▶ What the exercise asks:
The lines below starting at the line containing "56 Prevent Insomnia" and ending at the line containing "Monterey, CA - 12" are to be repeated exactly, with both ends kept and nothing else added.

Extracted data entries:

..........

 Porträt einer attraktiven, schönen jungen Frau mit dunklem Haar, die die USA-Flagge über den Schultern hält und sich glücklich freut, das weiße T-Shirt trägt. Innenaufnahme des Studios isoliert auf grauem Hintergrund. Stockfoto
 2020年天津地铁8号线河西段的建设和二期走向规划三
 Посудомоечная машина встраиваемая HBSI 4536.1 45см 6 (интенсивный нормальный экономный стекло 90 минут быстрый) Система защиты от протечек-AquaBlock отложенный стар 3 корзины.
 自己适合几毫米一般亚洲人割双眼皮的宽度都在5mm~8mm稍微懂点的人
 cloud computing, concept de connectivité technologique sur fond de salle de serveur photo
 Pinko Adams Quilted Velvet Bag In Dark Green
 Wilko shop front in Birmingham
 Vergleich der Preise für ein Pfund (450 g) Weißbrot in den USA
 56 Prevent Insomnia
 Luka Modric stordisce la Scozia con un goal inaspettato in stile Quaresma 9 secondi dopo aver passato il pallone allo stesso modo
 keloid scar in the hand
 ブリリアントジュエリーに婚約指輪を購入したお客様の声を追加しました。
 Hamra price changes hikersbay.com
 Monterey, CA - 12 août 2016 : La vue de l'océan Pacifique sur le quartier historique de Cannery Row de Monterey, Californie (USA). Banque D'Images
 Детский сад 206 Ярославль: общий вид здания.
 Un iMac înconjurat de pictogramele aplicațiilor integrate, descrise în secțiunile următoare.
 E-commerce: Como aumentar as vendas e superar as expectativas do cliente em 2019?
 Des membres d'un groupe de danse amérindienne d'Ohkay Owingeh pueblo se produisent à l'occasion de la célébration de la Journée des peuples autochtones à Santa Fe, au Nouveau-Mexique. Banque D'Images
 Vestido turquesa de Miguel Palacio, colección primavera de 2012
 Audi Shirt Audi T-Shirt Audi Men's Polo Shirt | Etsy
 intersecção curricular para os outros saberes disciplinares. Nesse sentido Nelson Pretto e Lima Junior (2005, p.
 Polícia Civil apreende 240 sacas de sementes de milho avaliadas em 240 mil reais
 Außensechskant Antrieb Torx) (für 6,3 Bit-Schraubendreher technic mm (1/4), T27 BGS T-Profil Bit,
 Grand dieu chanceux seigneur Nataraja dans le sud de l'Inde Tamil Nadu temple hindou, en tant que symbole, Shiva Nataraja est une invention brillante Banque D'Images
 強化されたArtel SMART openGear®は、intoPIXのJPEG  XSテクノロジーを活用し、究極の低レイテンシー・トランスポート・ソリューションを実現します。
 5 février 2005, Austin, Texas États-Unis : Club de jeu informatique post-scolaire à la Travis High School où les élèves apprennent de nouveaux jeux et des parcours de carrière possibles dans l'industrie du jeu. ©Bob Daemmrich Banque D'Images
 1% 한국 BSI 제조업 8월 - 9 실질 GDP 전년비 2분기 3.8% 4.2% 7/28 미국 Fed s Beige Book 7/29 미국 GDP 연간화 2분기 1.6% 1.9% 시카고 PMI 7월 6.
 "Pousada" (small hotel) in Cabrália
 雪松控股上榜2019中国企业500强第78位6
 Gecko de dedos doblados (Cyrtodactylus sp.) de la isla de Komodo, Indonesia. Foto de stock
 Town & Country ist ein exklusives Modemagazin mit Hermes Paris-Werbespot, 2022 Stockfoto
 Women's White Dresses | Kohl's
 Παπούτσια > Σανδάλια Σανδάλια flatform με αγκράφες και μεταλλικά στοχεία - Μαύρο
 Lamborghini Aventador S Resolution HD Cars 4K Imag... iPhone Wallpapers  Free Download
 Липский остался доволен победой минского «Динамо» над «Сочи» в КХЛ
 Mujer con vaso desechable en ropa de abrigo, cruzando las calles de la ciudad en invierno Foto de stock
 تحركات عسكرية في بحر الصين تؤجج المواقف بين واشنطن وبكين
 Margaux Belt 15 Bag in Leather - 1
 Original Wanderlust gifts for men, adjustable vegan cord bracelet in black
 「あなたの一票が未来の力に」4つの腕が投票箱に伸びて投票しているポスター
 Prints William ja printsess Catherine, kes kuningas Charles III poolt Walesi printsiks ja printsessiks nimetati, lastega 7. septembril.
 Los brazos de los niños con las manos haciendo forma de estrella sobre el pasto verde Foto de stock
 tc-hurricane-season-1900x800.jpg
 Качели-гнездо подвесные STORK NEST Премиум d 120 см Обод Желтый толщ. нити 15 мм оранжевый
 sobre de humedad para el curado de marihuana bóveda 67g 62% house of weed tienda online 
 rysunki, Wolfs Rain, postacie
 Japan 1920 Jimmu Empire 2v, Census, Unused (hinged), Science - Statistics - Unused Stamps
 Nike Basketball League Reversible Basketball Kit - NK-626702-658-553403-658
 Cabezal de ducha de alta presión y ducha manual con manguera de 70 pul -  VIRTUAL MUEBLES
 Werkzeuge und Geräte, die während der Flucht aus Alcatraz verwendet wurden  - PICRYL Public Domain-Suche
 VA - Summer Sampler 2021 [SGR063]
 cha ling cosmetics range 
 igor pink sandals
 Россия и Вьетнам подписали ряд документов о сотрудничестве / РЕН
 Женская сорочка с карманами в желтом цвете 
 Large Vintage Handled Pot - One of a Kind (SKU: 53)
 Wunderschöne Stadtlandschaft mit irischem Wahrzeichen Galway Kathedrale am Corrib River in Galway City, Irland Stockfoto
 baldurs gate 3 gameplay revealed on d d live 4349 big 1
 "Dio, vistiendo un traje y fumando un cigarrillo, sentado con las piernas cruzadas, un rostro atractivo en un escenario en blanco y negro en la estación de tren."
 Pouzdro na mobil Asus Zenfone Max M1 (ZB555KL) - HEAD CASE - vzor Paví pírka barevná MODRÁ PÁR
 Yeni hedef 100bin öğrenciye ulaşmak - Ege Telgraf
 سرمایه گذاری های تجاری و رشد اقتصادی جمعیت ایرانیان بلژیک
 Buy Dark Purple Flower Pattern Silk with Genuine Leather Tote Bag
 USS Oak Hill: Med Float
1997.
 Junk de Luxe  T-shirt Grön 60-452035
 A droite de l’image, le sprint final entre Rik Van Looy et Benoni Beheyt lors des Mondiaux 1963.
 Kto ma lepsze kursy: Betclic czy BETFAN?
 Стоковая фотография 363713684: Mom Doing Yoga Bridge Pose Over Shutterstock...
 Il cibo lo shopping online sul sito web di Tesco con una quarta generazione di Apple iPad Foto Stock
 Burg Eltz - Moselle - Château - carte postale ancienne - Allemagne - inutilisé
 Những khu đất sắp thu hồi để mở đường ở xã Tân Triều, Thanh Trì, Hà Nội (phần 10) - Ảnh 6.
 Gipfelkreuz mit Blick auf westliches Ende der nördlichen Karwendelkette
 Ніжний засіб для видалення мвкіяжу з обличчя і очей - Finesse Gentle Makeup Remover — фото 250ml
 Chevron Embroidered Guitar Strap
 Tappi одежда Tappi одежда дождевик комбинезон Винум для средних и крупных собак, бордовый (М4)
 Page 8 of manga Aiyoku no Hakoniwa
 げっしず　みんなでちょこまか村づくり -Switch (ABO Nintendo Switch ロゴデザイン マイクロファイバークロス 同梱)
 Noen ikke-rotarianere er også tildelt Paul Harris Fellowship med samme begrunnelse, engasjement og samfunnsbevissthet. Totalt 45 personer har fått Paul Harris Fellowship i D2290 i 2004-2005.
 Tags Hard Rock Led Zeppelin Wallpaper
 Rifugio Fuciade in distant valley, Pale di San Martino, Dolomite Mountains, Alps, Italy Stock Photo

..........

▶ Solution to this task:
 56 Prevent Insomnia
 Luka Modric stordisce la Scozia con un goal inaspettato in stile Quaresma 9 secondi dopo aver passato il pallone allo stesso modo
 keloid scar in the hand
 ブリリアントジュエリーに婚約指輪を購入したお客様の声を追加しました。
 Hamra price changes hikersbay.com
 Monterey, CA - 12 août 2016 : La vue de l'océan Pacifique sur le quartier historique de Cannery Row de Monterey, Californie (USA). Banque D'Images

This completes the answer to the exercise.